Unified Model for Formal and Informal Mathematical Proofs

DeepSeek's mathematical theorem proving models, the DeepSeek-Prover series, have released 3 versions:

DeepSeek-Prover in March 2024 (hereinafter referred to as Prover-V1)

DeepSeek-Prover-V1.5 in August 2024 (hereinafter referred to as Prover-V1.5)

DeepSeek-Prover-V2 in May 2025 (hereinafter referred to as Prover-V2)

Prover-V1 mainly explored advancing theorem proving by fine-tuning DeepSeek-Math-7B with a large-scale synthetic dataset.

Prover-V1.5 added reinforcement learning with proof assistant feedback (RLPAF) and Monte Carlo Tree Search methods on top of that.

Prover-V2 further proposed "reinforcement learning with subgoal decomposition" and upgraded the base model from DeepSeek-Math-7B to DeepSeek-V3.

By integrating the high context window and powerful natural language reasoning capabilities of DeepSeek-V3, formal and informal mathematical proofs are unified into a single model.

Prover-V2 also inherited the two generation modes, CoT and non-CoT, proposed by Prover-V1.5.

Next, we will introduce the main aspects of Prover-V2 in detail.

Synthesizing Cold-Start Reasoning Data through Recursive Proof Search

Utilizing DeepSeek-V3 as a unified tool for subgoal decomposition and formalization to construct a cold-start dataset, DeepSeek-V3 is prompted to decompose theorems into high-level proof sketches and simultaneously formalize these proof steps in Lean 4, generating a series of subgoals.

A smaller 7-billion-parameter model is used to handle the proof search for each subgoal, thus alleviating the associated computational burden.

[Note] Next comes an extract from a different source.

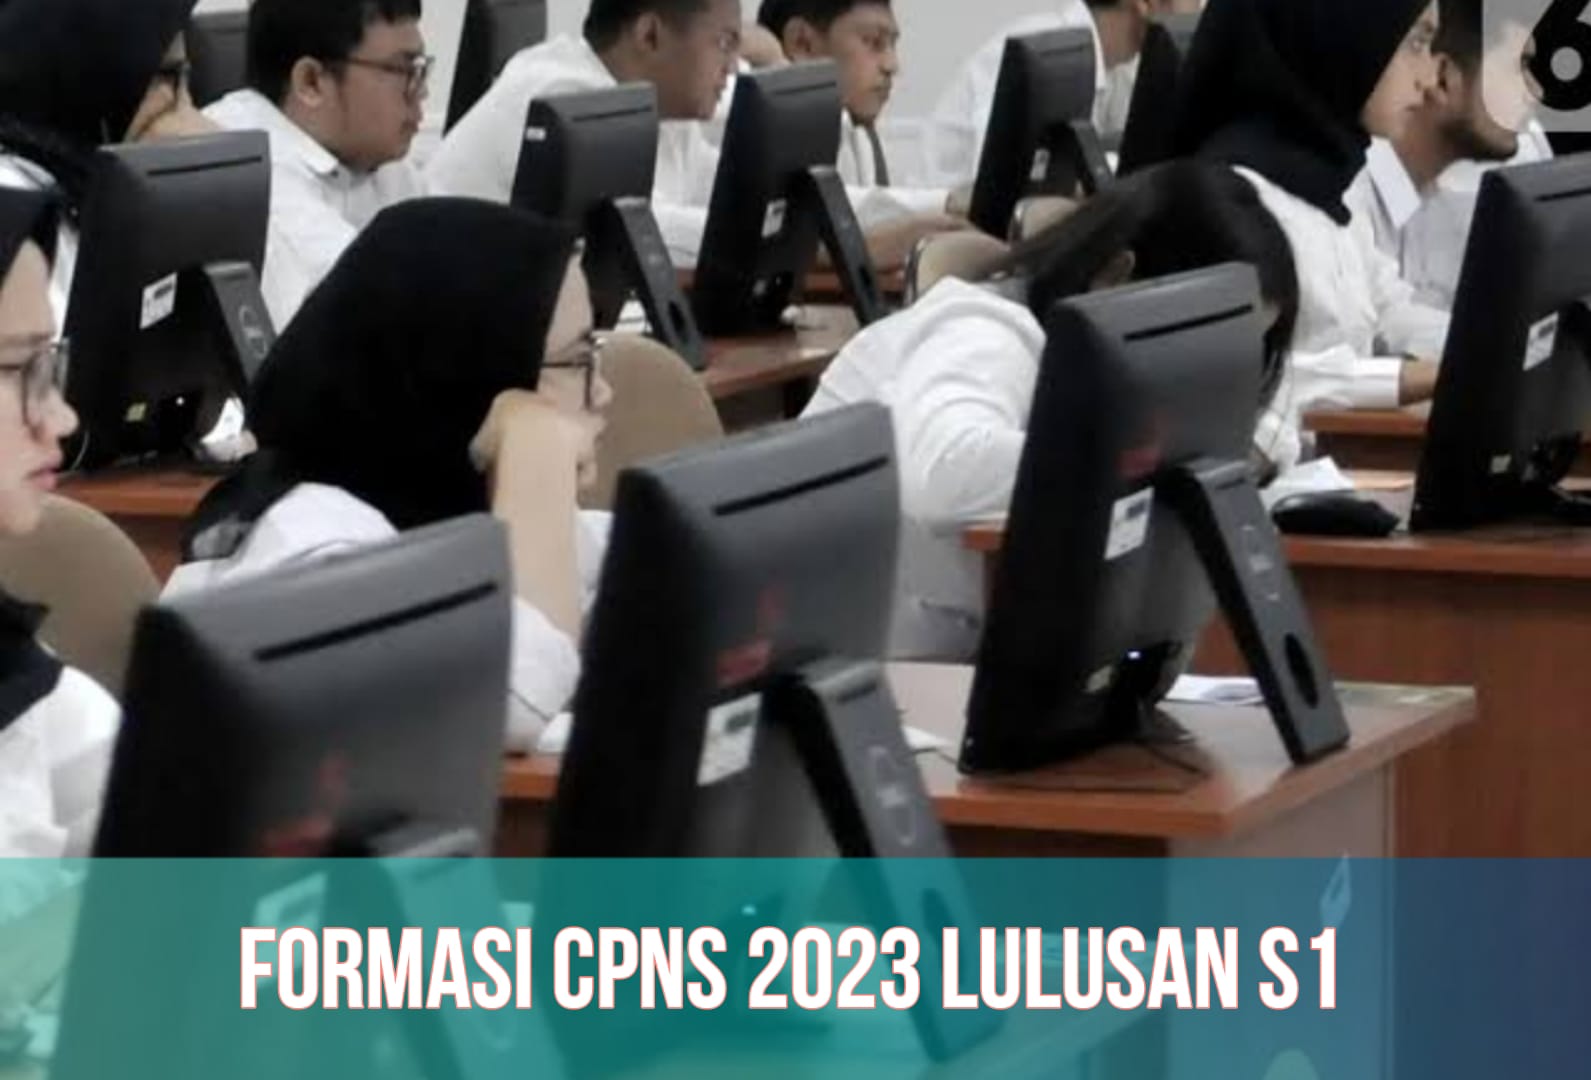 Formasi CPNS 2023, Cek Syarat untuk Lulusan S1, Lengkap dengan Link Pendaftaran

Once the decomposition steps for a challenging problem are solved, the complete step-by-step formal proof is paired with the corresponding chain-of-thought from DeepSeek-V3 to create cold-start reasoning data.

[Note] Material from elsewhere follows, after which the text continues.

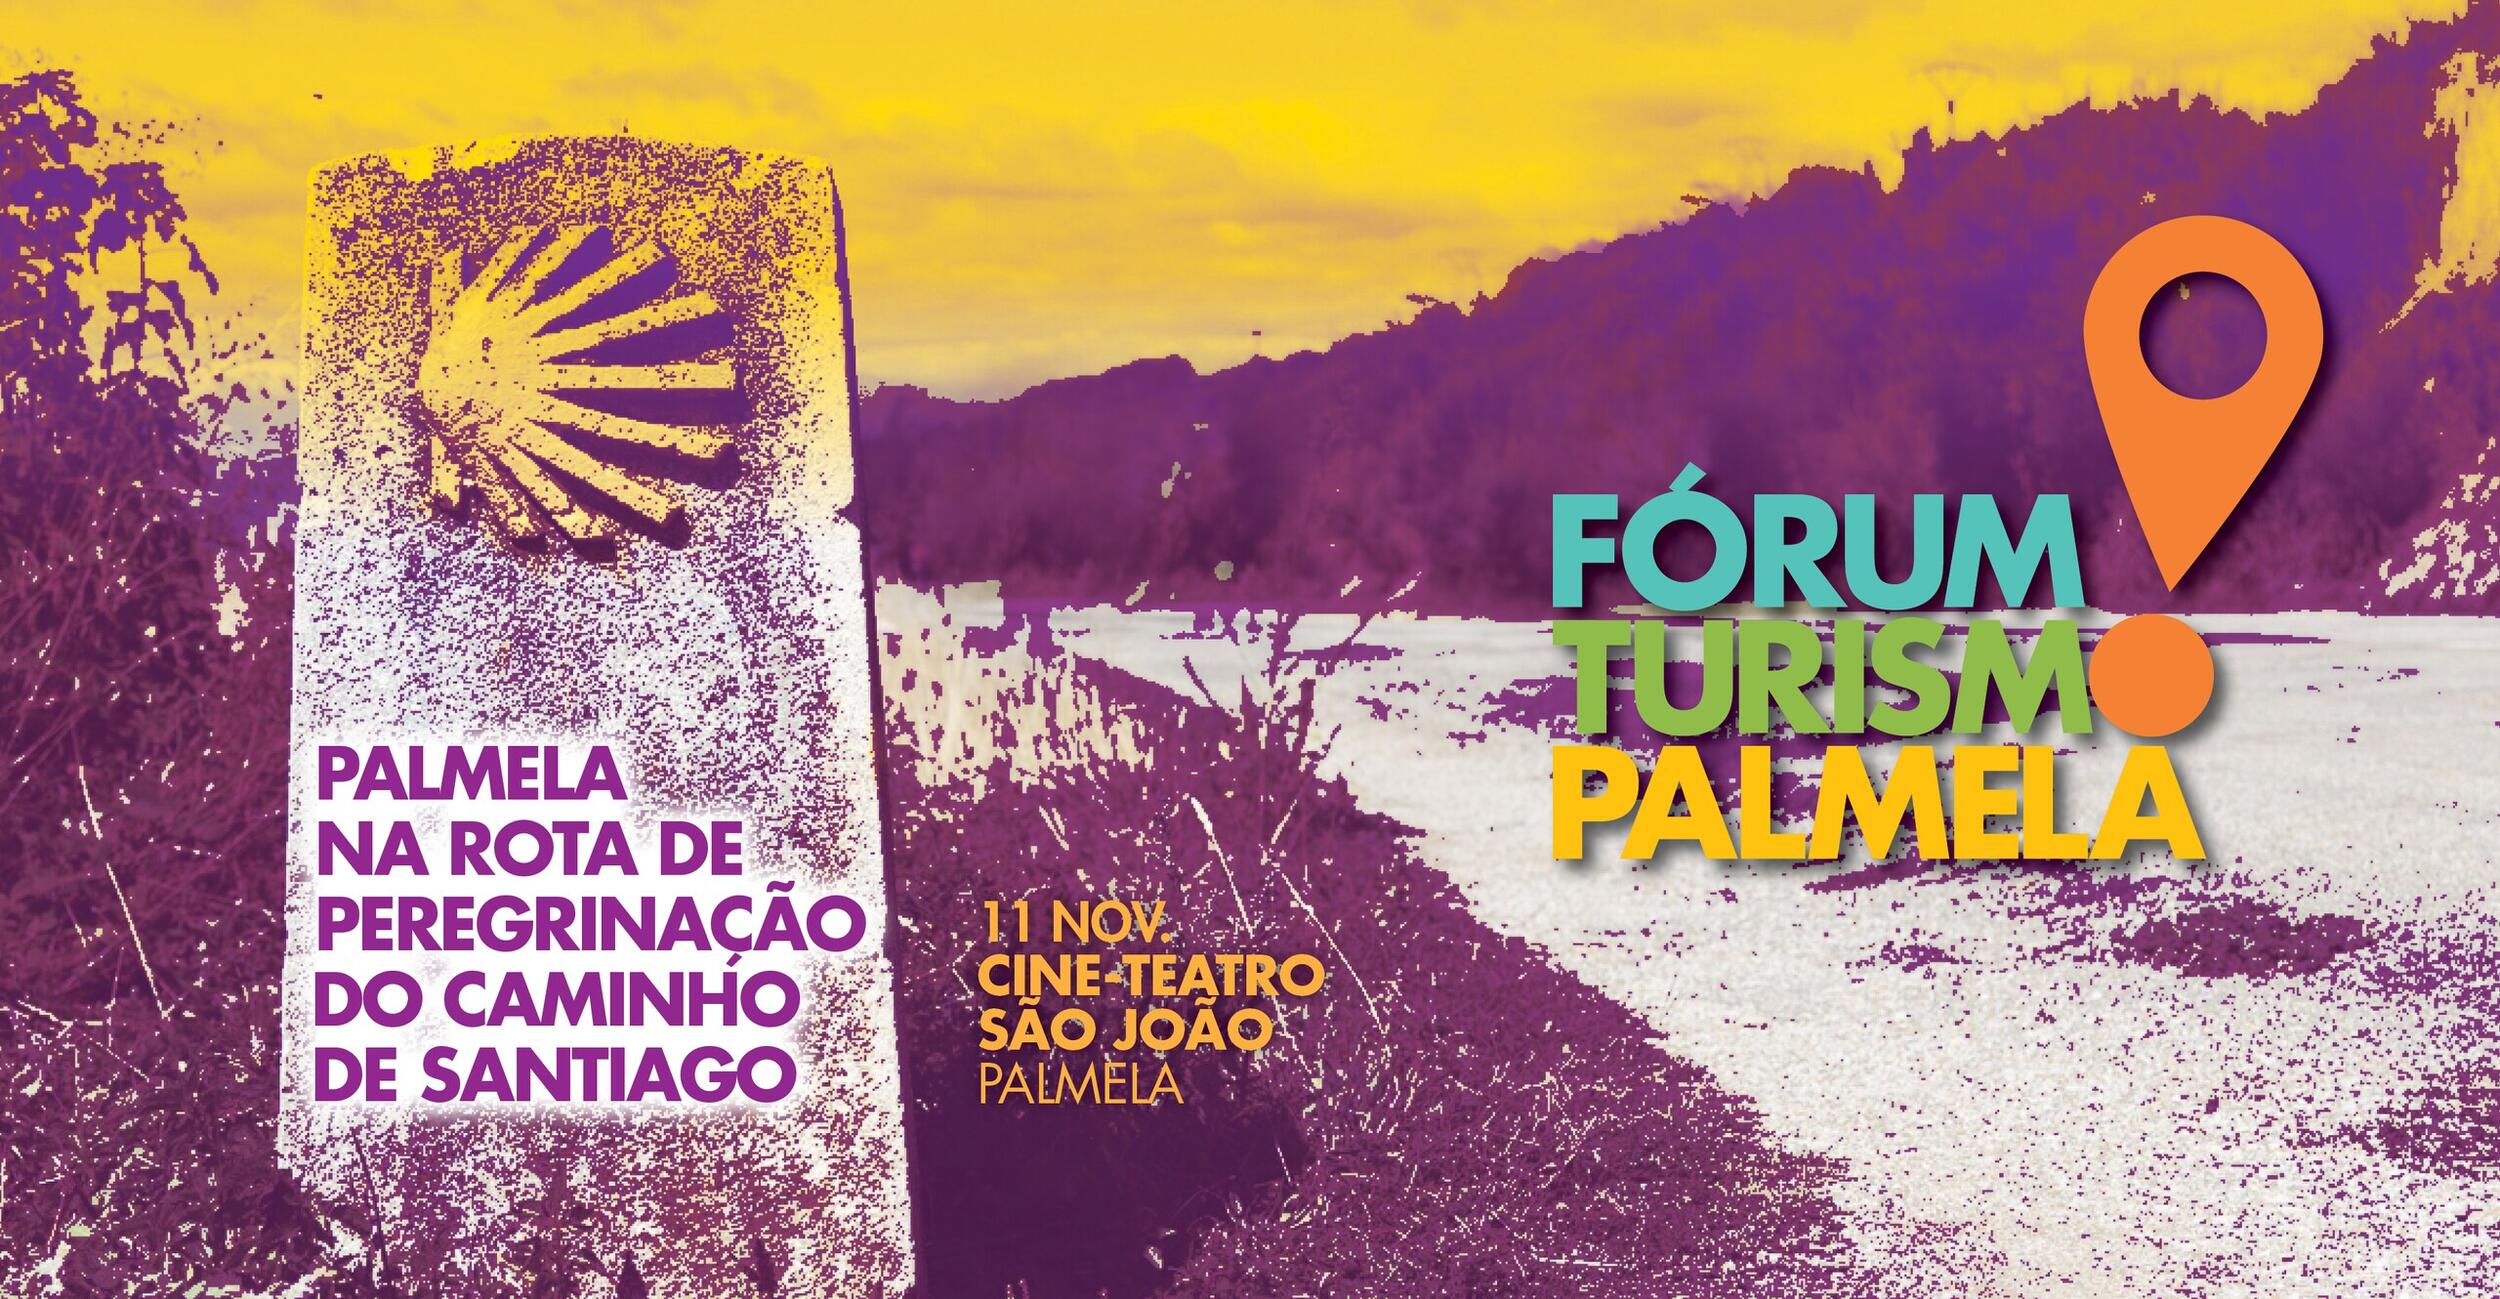 Inscrições a decorrer! Município promove Fórum Turismo Palmela a 11 de novembro

Reinforcement Learning with Subgoal Decomposition using Synthetic Cold-Start Data

The team carefully selected a set of challenging problems that the 7-billion-parameter prover model could not solve end-to-end, but all decomposed subgoals were successfully solved.

By combining the proofs for all subgoals, a complete formal proof for the original problem was constructed.

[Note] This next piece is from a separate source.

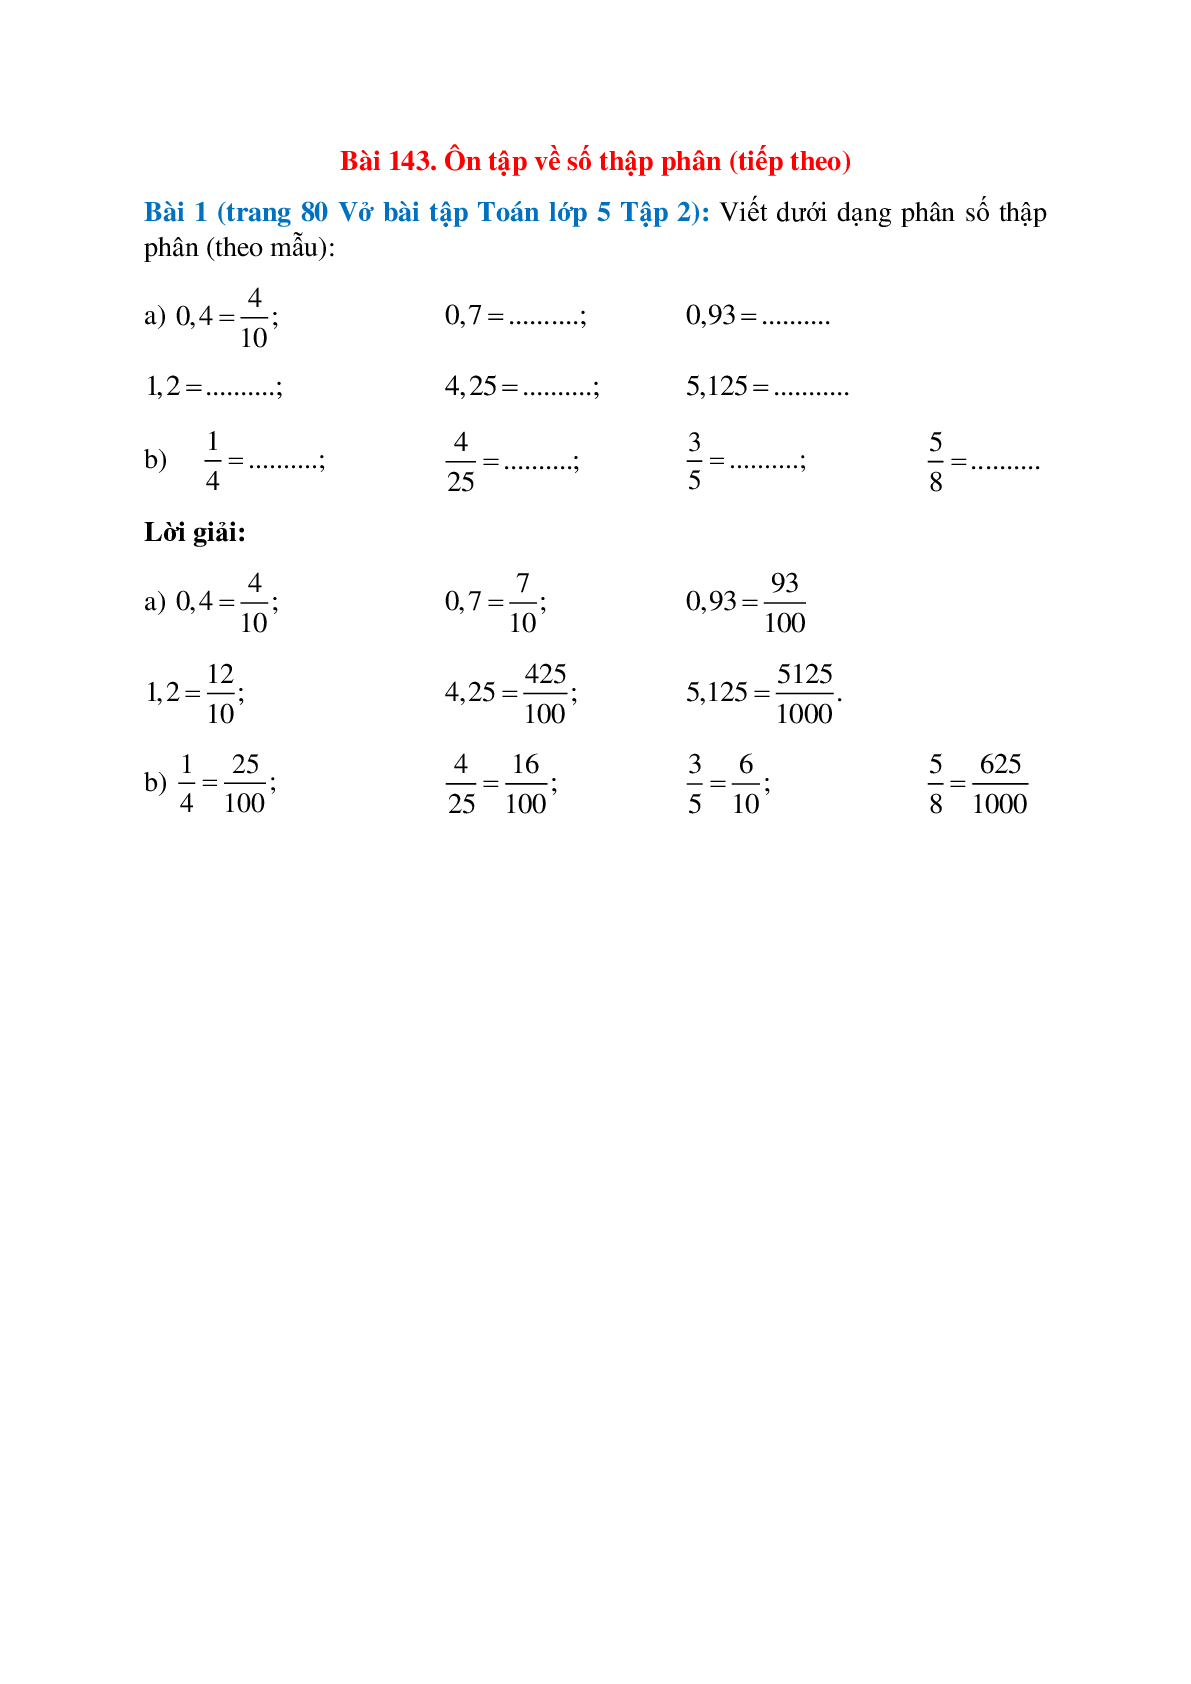 Viết dưới dạng phân số thập phân (theo mẫu): 0,4=4/10  (trang 1)

This proof was then appended to the chain-of-thought from DeepSeek-V3, which outlines the corresponding lemma decomposition, thus achieving an organic combination of informal reasoning and subsequent formalization.

The reinforcement learning phase, conducted after fine-tuning the prover model on synthetic cold-start data, further enhances its ability to bridge informal reasoning with formal proof construction. Following the standard training objectives for reasoning models, binary correct/incorrect feedback is used as the primary form of reward supervision.

Specific Training Details

Two-Stage Training:

DeepSeek-Prover-V2 establishes complementary proof generation modes in two stages.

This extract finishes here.